### What the exercise asks
Leave every image out, and return the rest of the data word for word.

### Data excerpt
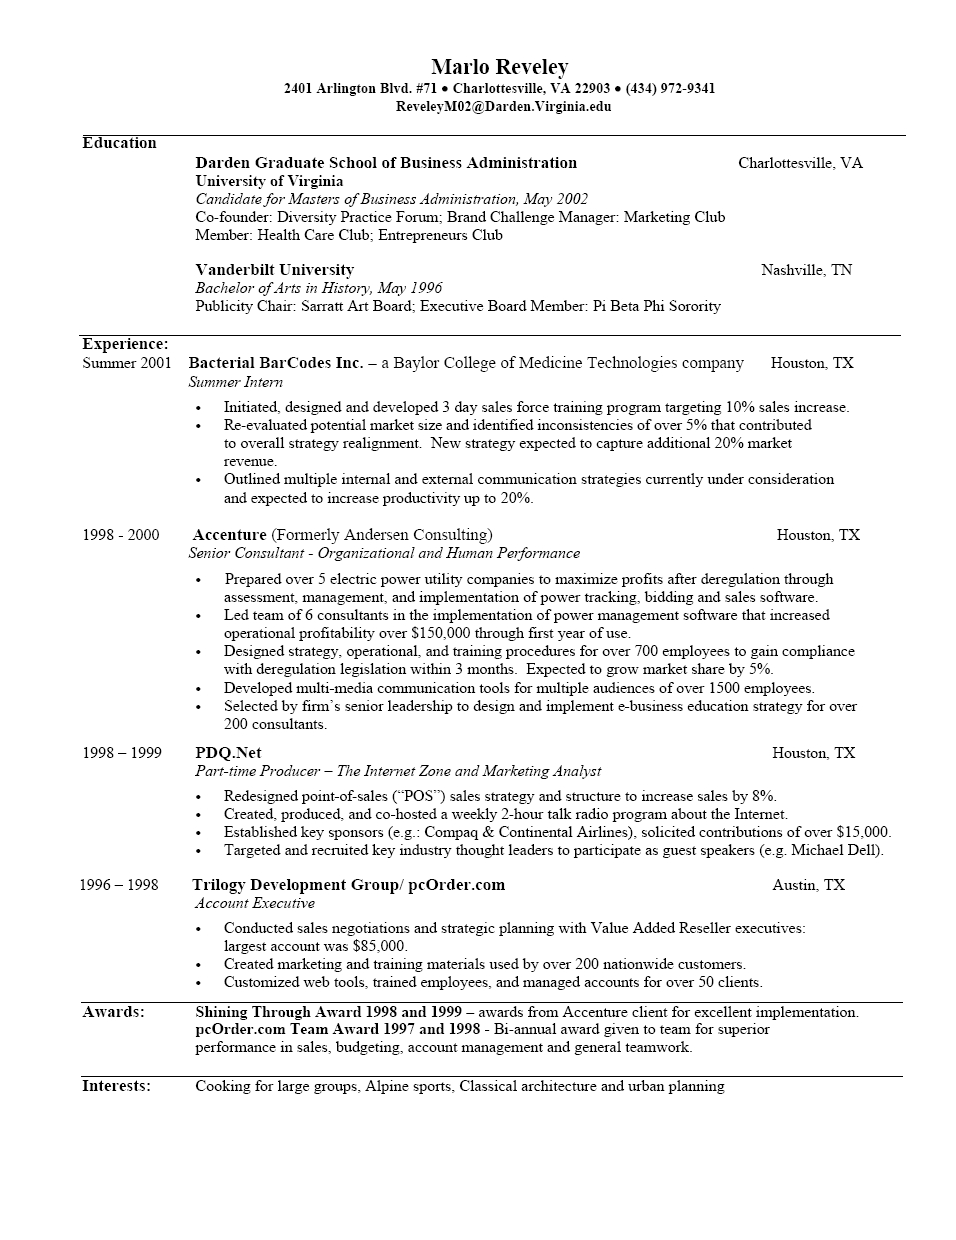 Resume Examples Over 50 Basic Resume Downloadable Resume intended for proportions 956 X 1240
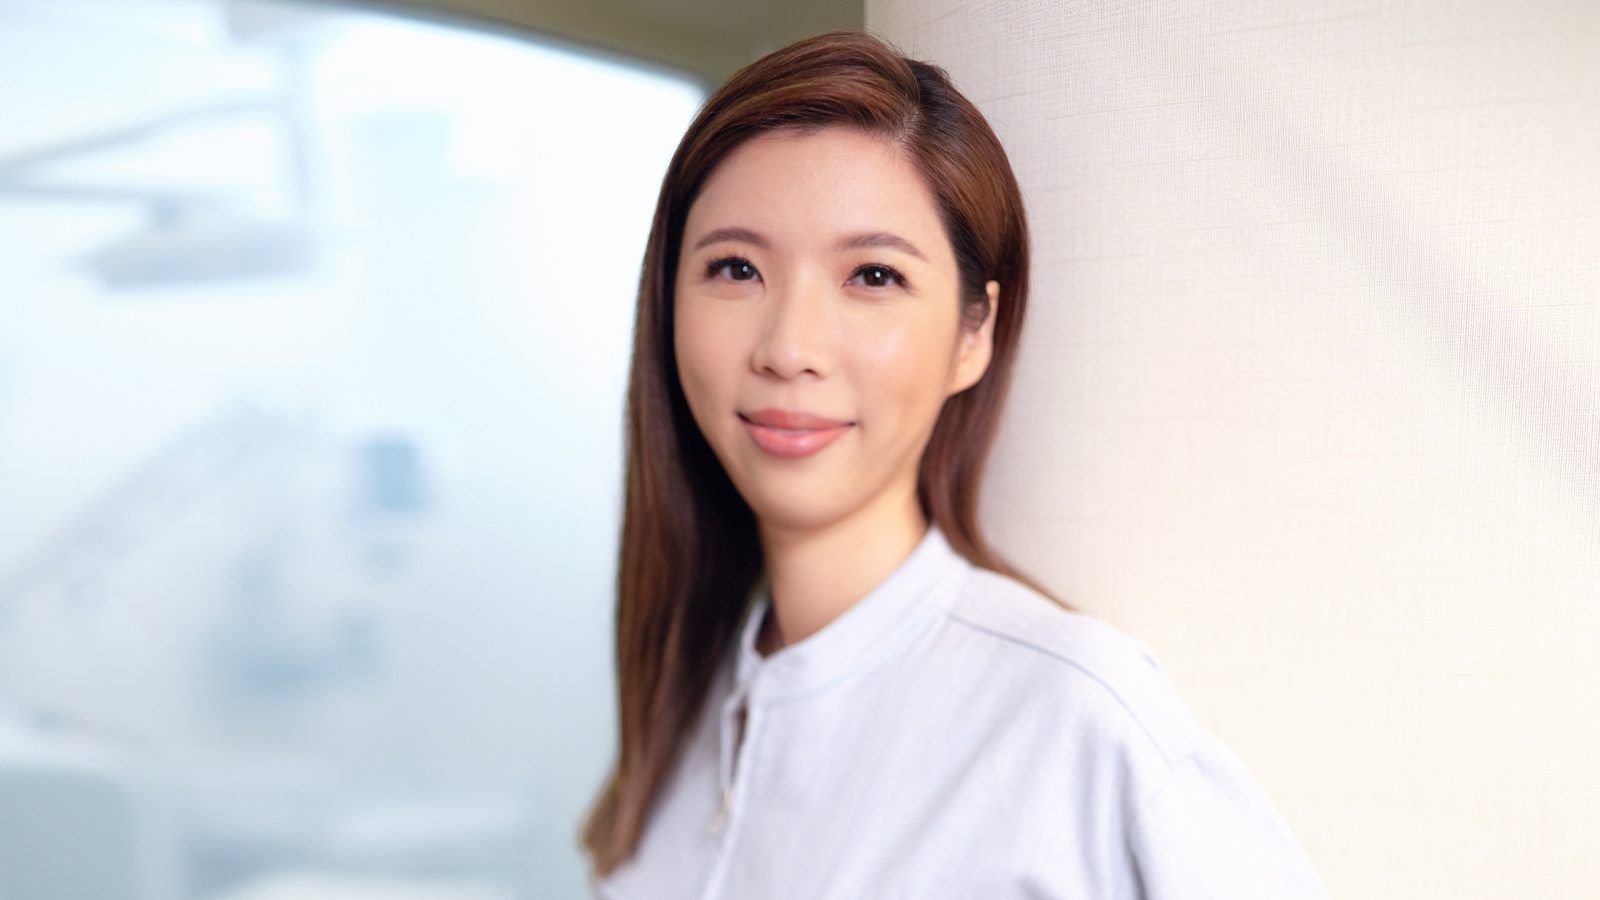 Dr Pura Cheng Employs Science and Art in the Quest for Aesthetic Elevation
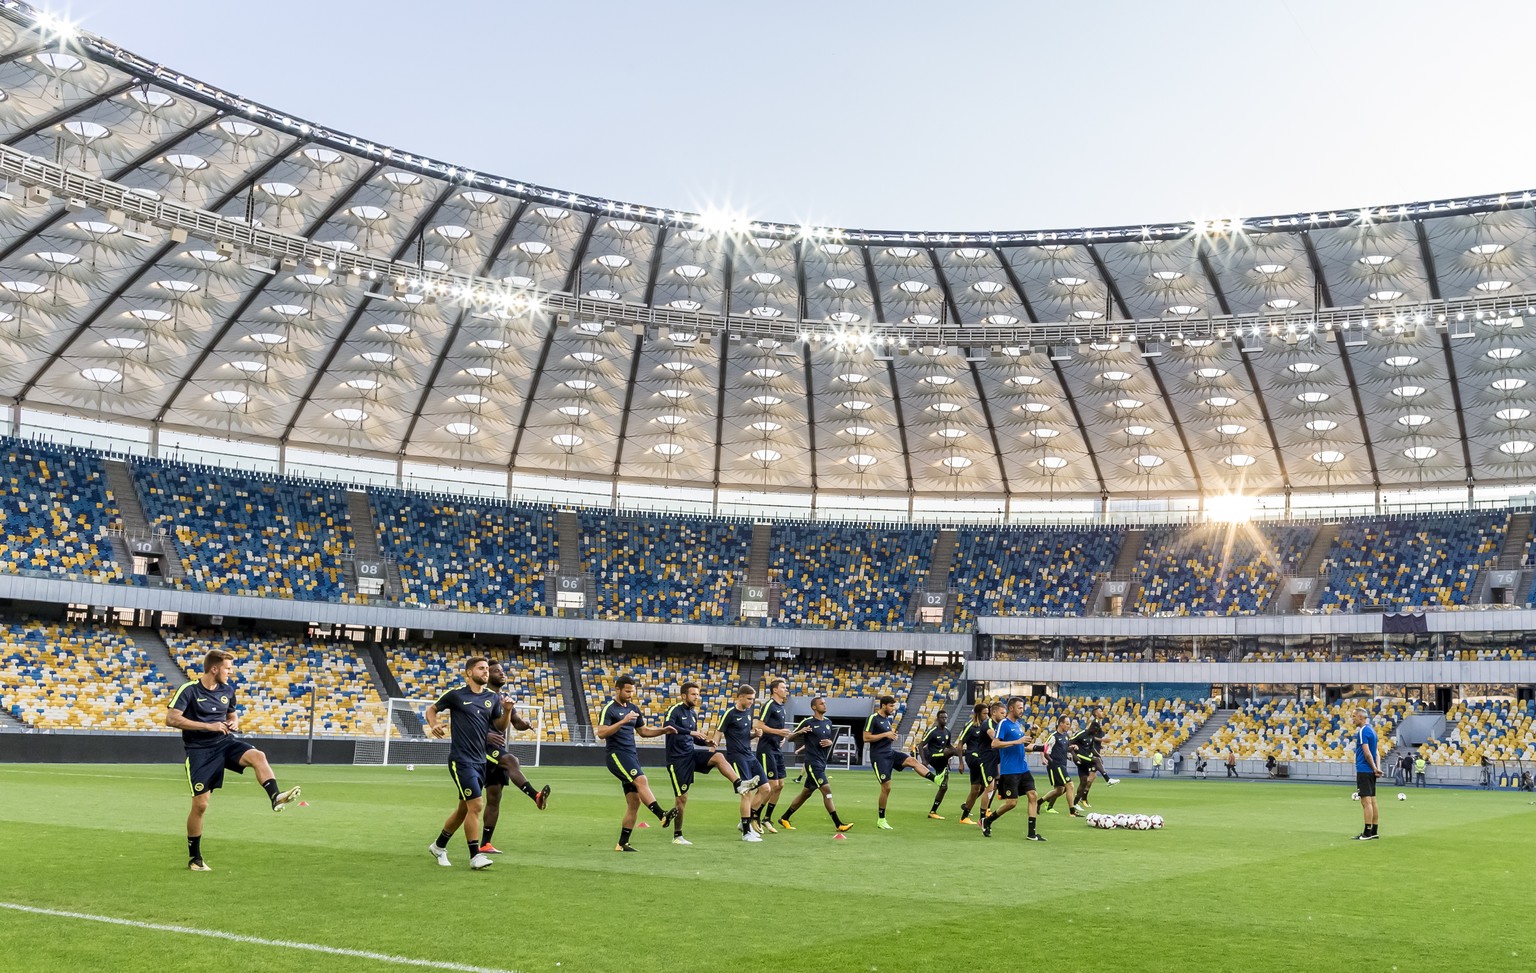 YB&#039;s players practice one day prior to the UEFA Champions League qualifier match between Ukraine&#039;s Dynamo Kyiv and Switzerland&#039;s BSC Young Boys, in the Olimpijskyj Stadium in Kiev, Ukra ...

### Exercise result
 Resume Examples Over 50 Basic Resume Downloadable Resume intended for proportions 956 X 1240
 Dr Pura Cheng Employs Science and Art in the Quest for Aesthetic Elevation
 YB&#039;s players practice one day prior to the UEFA Champions League qualifier match between Ukraine&#039;s Dynamo Kyiv and Switzerland&#039;s BSC Young Boys, in the Olimpijskyj Stadium in Kiev, Ukra ...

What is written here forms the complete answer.